Центральным пунктом этой новой "философии", т.е. философско-идеологичоской системы Просвещения являлась проблема человека в обществе. Необходимость осмысления и новых решений этой проблемы вызревала по меньшей мере, в течение двух предшествующих столетий - Позднего Ренессанса и трагически-гуманистического ХVII века. Эпоха религиозных войн, фрагментами которой явились и первые буржуазные революции, привела к глубокой секуляризации культуры. К концу ХVII в. религия перестала быть универсальной организующей формой общества. Она сделалась теперь либо идеологией в узком смысле слова (рационализированным комплексом догм, обслуживающих особые государственные или сословные интересы, либо неотчуждаемой личной верой). Этот процесс сопровождался невиданным нравственным кризи­сом, правовым беспределом. С сутью этого кризиса и его вопиющими проявлениями мы познакомились в лекциях о культуре Возрождения и XVII столетия.

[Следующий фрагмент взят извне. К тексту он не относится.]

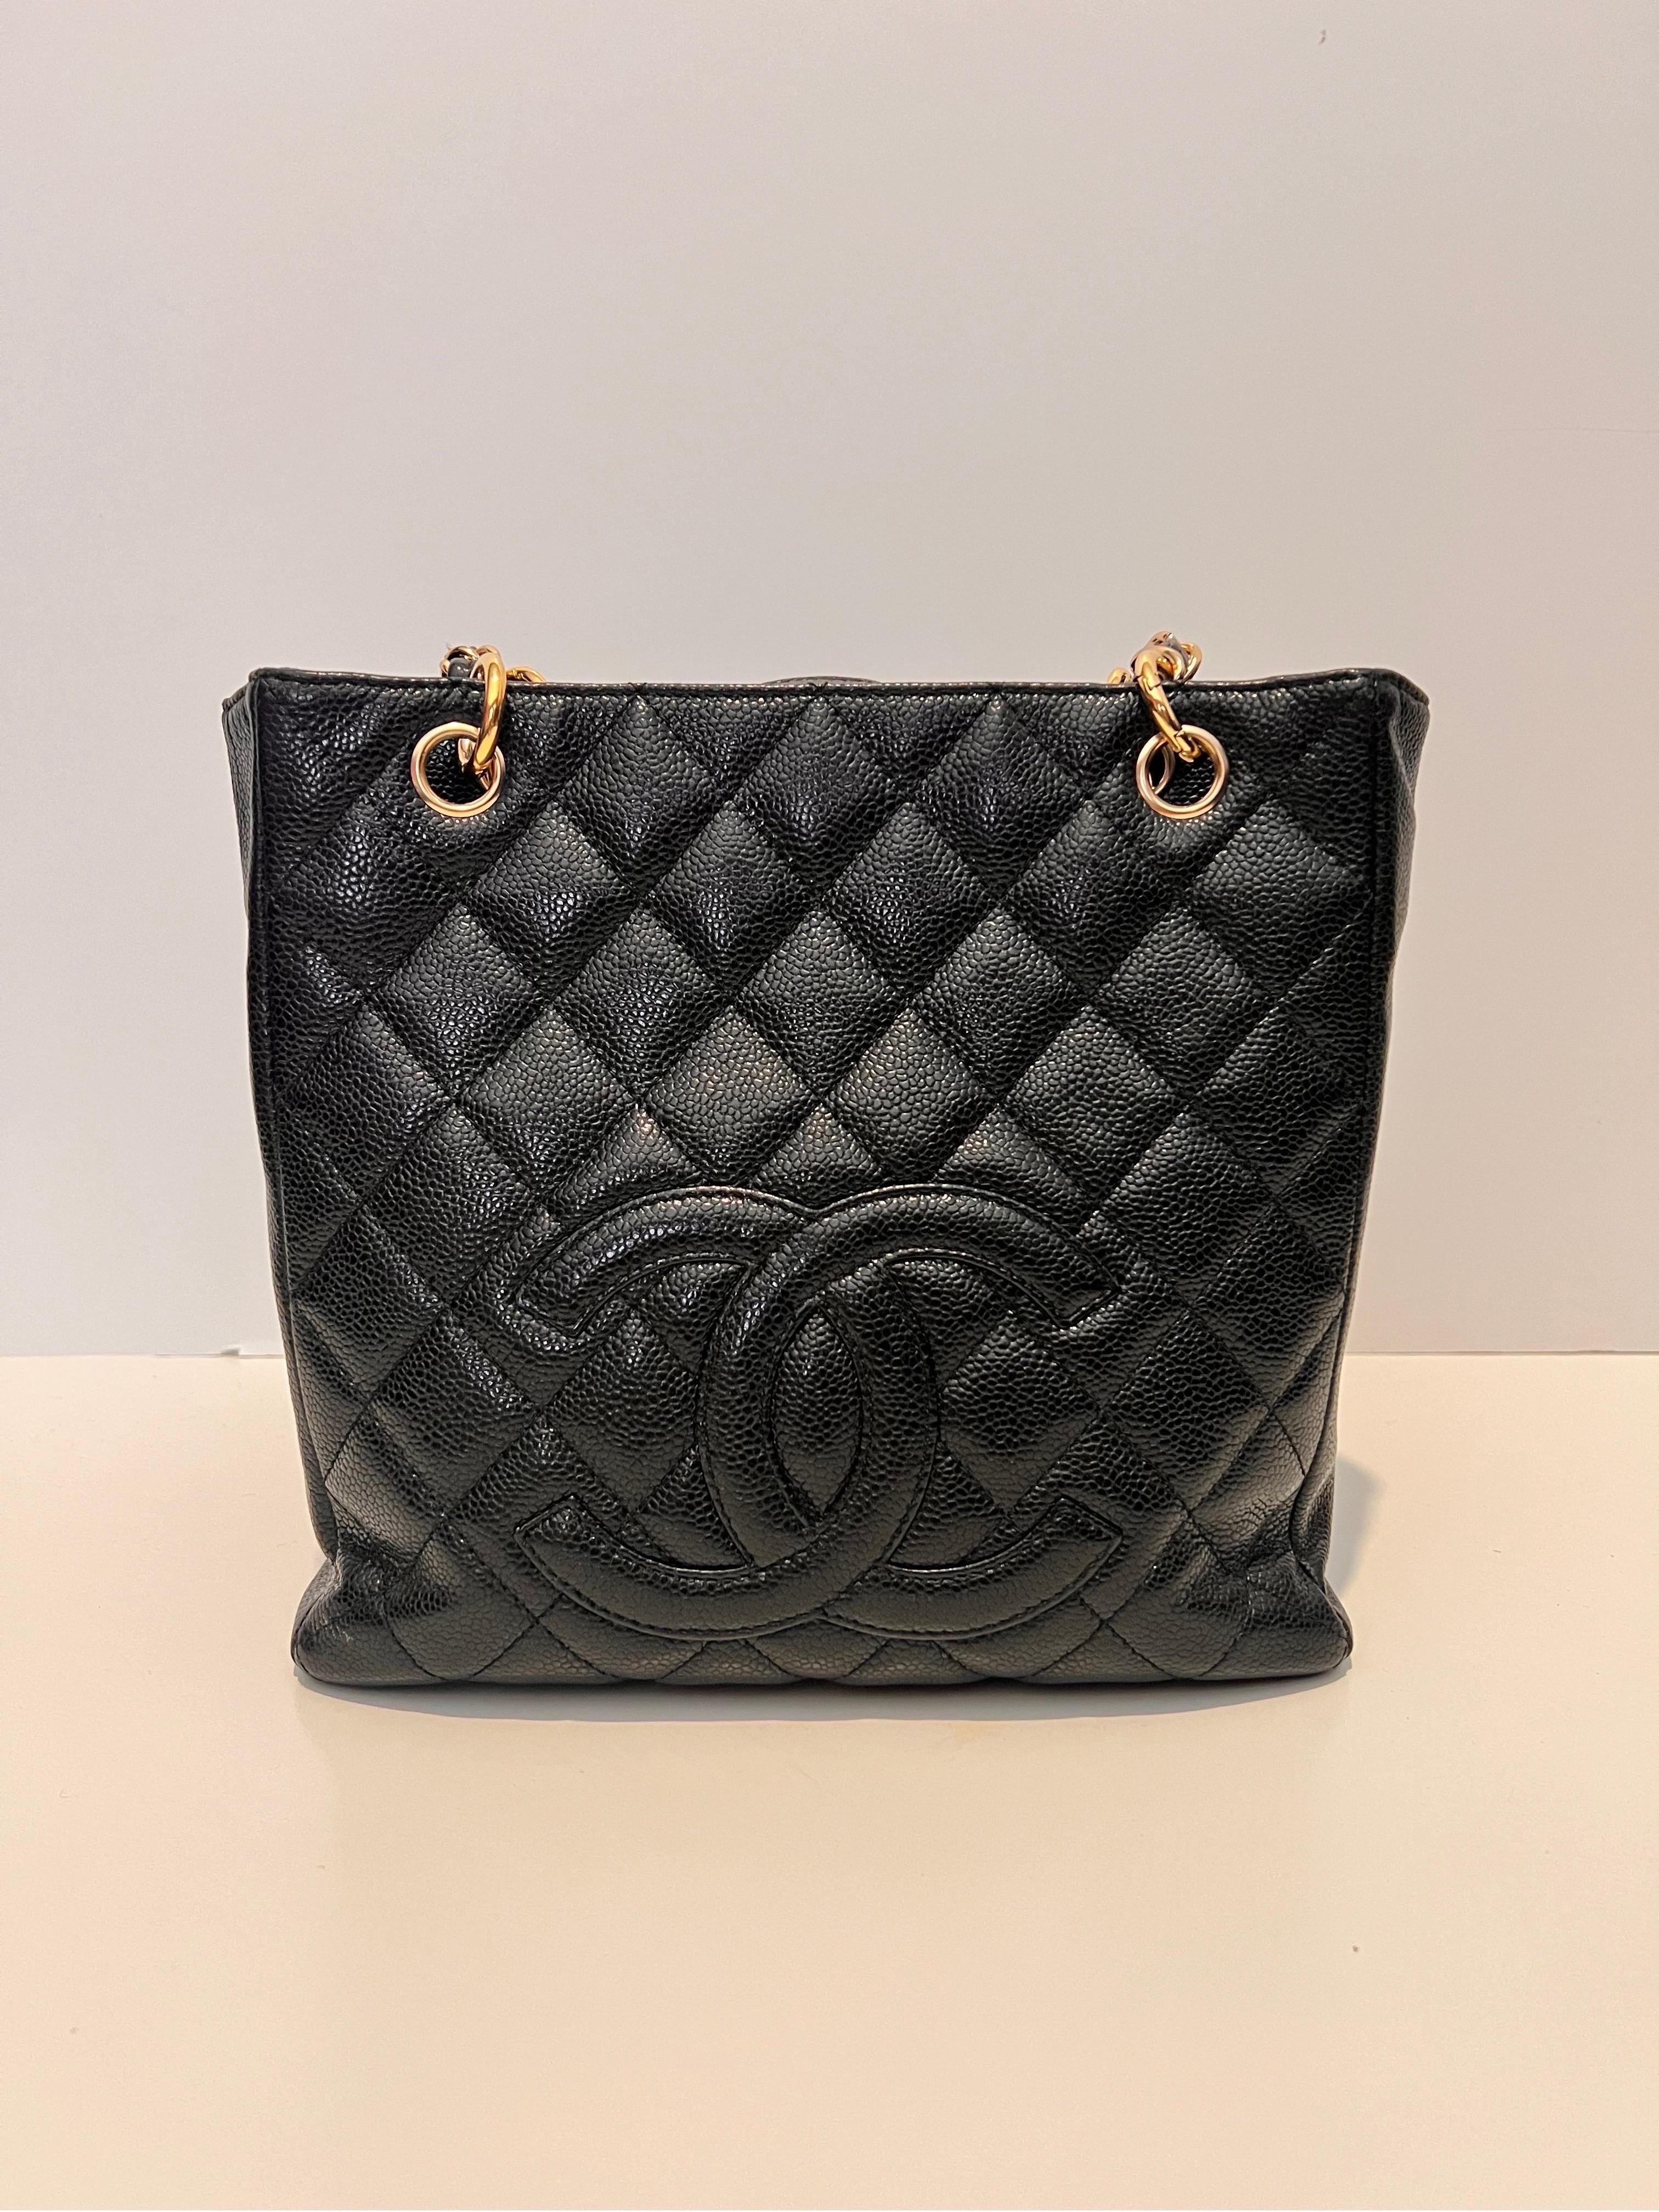 Chanel Black Quilted Caviar Leather Grand Shopping Tote.
Caviar Leather Handbag with iconic gold chain. Discontinued in 2015, the Grand Shopping tote bag is one CHANEL rarity that is highly treasured. This version was displays a classic design with

В этот период сложилась весьма драматическая ситуация; либо западноевропейское общество и его культура перестают существовать, либо оно находит пути спасения. И оно не погибло, ибо западная культура смогла создать новых нравственно-правовых абсолютов, которая объективно запрашивалась эпохой, и, провозглашая которую, подымающаяся буржуазия только и могла обеспечить себе роль общедемократического лидера. Именно эта система и явилась фундаментом идеологии Просвещения. Центральное место в ее разработке принадлежало известному английскому философу Джону Локку, близкому другу Ньютона. Его «Опыт о человеческом разуме» и «Трактат о государственном управлении» содержали позитивную программу, принятую и английскими и французскими просветителями.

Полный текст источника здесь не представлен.